Through our vocational courses within community settings and the ecological stewardship of our 120 acre campus, BMC aims to be a model of innovative lifelong learning, a catalyst for a local circular economy and a pioneer of agro-ecological practice. 

 

What does diversity and equity mean to us?

Biodiversity in nature is a feature of resilient ecosystems and the same is true of human systems.

We want to play our part in creating fair and equal societies that promote life, not the destruction of the planet; what some people have called an ecological civilisation or ‘being ecological’.

Being ecological means living within safe planetary limits and seeing humans as a part of nature, not separate from it. This might sound like a simple ambition but the scale of the transformation required to achieve this seemingly obvious goal is enormous.

It requires us to think through the history of over-exploitation and domination that have brought us to this point and re-think our relationships with each other and with the earth on which we depend.
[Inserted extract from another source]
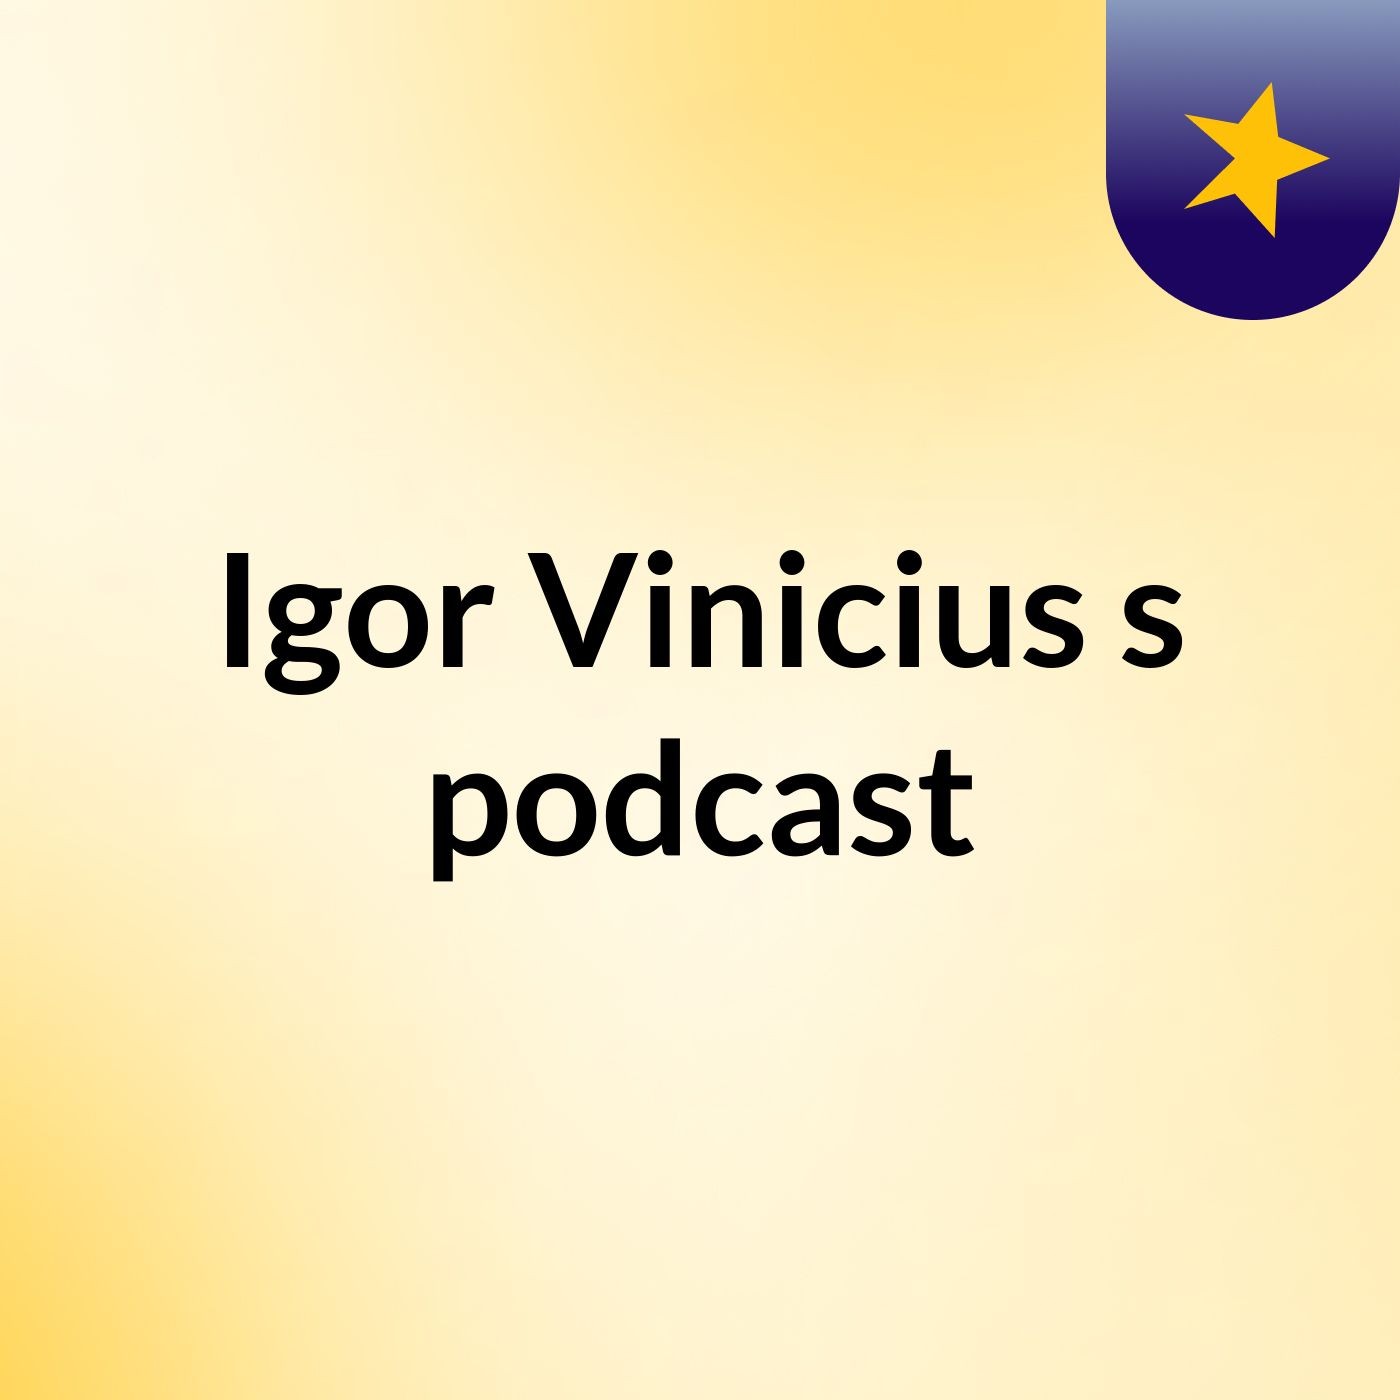 Igor Vinicius's podcast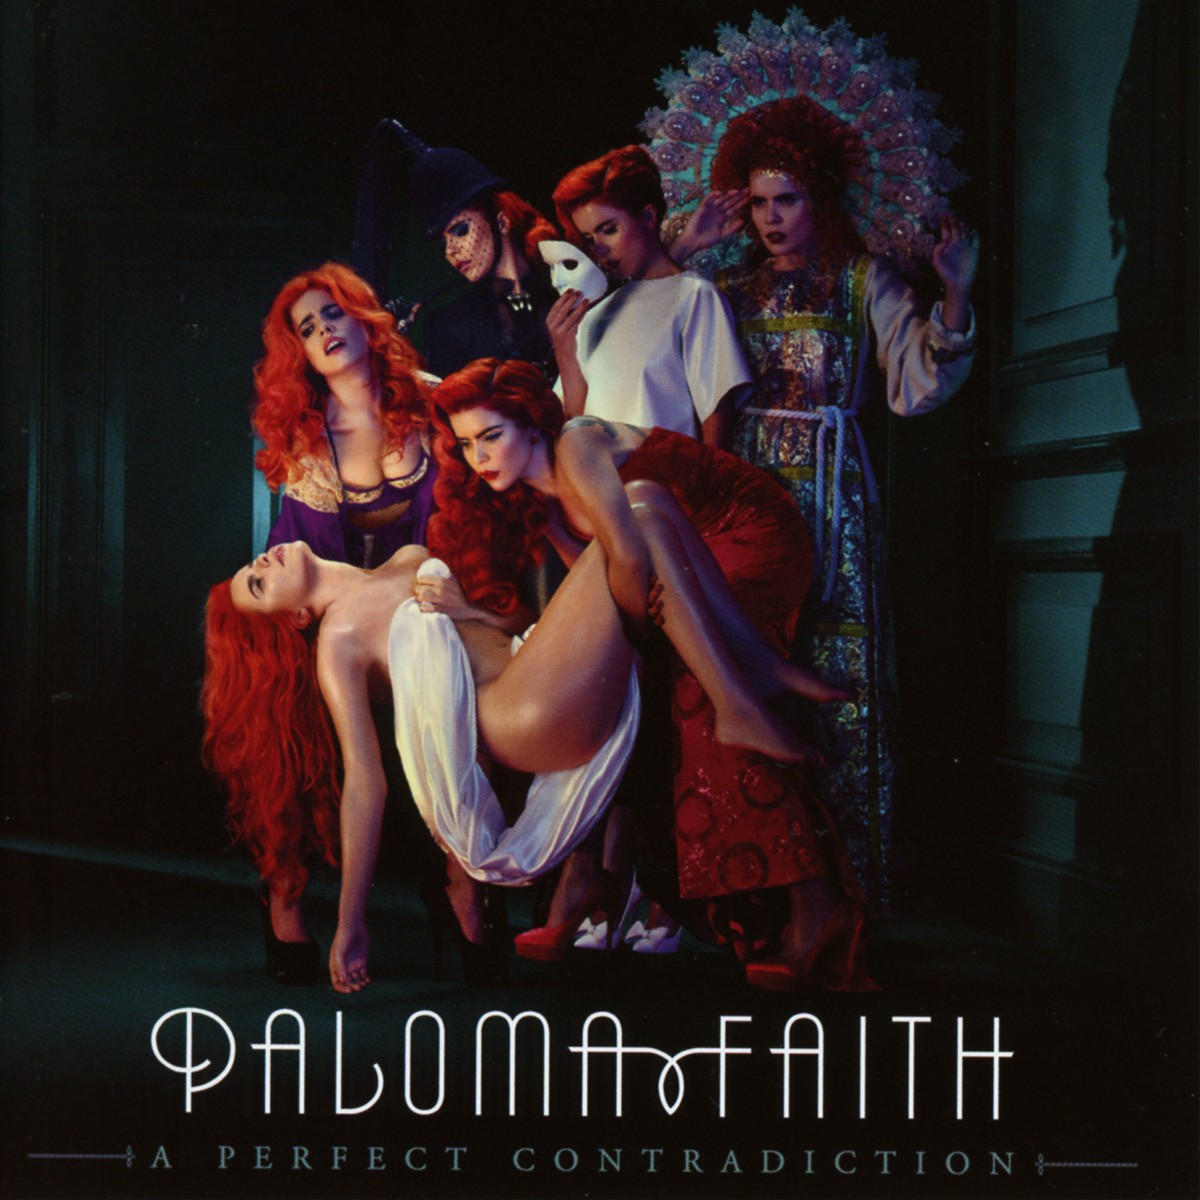 Paloma Faith - A Perfect (Deluxe) (CD) - Contradiction

Understanding the histories of capitalism, colonialism and the way ideologies of race, class, gender and difference have been constructed and used in the past to feed a system that exploits both nature and humans helps us as we try and counter historical injustice and dismantle barriers.

This is an ongoing process which informs both the establishment of BMC and all our practice and programmes.

In Admissions

We have designed and will continue to refine our admissions process for further and higher education so that it is as open as possible, that welcomes expression and ambition in a range of formats, involves students and peers and focuses on potential and passion not just on past achievements.

In curriculum design

Our vocational NVQ programme includes a core programme that links questions of equity and  diversity with neuro-diversity and different ways of learning and knowing as well as broader concepts of environmental and economic justice. We are developing the BMC degree explicitly to offer an alternative to inherited hierarchies of knowledge through problem based learning, indigenous wisdom, practical hands on skills alongside theory and inclusive collaborative exploration.

In our recruitment

We will always strive to communicate and promote our vacancies in ways that are open and available to all. Diversity is a feature of resilience and adaptability. We are actively seeking to broaden perspectives within the team, amongst our volunteers and on our board. 

Please talk to us if you have suggestions for things we could be doing differently or networks you think we should be aware of.

Outreach

We know that rural Wales is unfamiliar territory to  many potential students or staff even to the extent that British National Parks have been called ‘hostile’ to minority groups. And yet access to nature is critical in providing the context for the kinds of experiences and lessons necessary to build an ecological future.

We are offering our 120 acre campus as a venue for retreats, camps and day trips for groups from urban areas to hold events, please get in touch if you would like to discuss further. 

We hope this will contribute to making the countryside welcoming for all and spark engagement with the natural world and the healing work that needs to be done.

What success looks like

Reversing cycles of destructive practice is a multi-generational struggle in which BMC commits to play its part. 

We have targets of gender parity and a mix of identities and backgrounds within our staff and boards which we hope will in time strengthen the democracy, diversity and resilience of the organisation. In our FE and HE recruitment we are aiming at local and urban outreach as well as maximising our participation in international networks such as the Open Societies University Network to build cohorts and classes of students with a wealth of perspectives and experiences.

We hope that in the years to come, our campus will be a thriving venue for connecting people of all ages with nature and a site of learning not only for the skills necessary for a circular, regenerative economy but new ways of seeing, living and thinking of ourselves that encourage both nature and humans to thrive.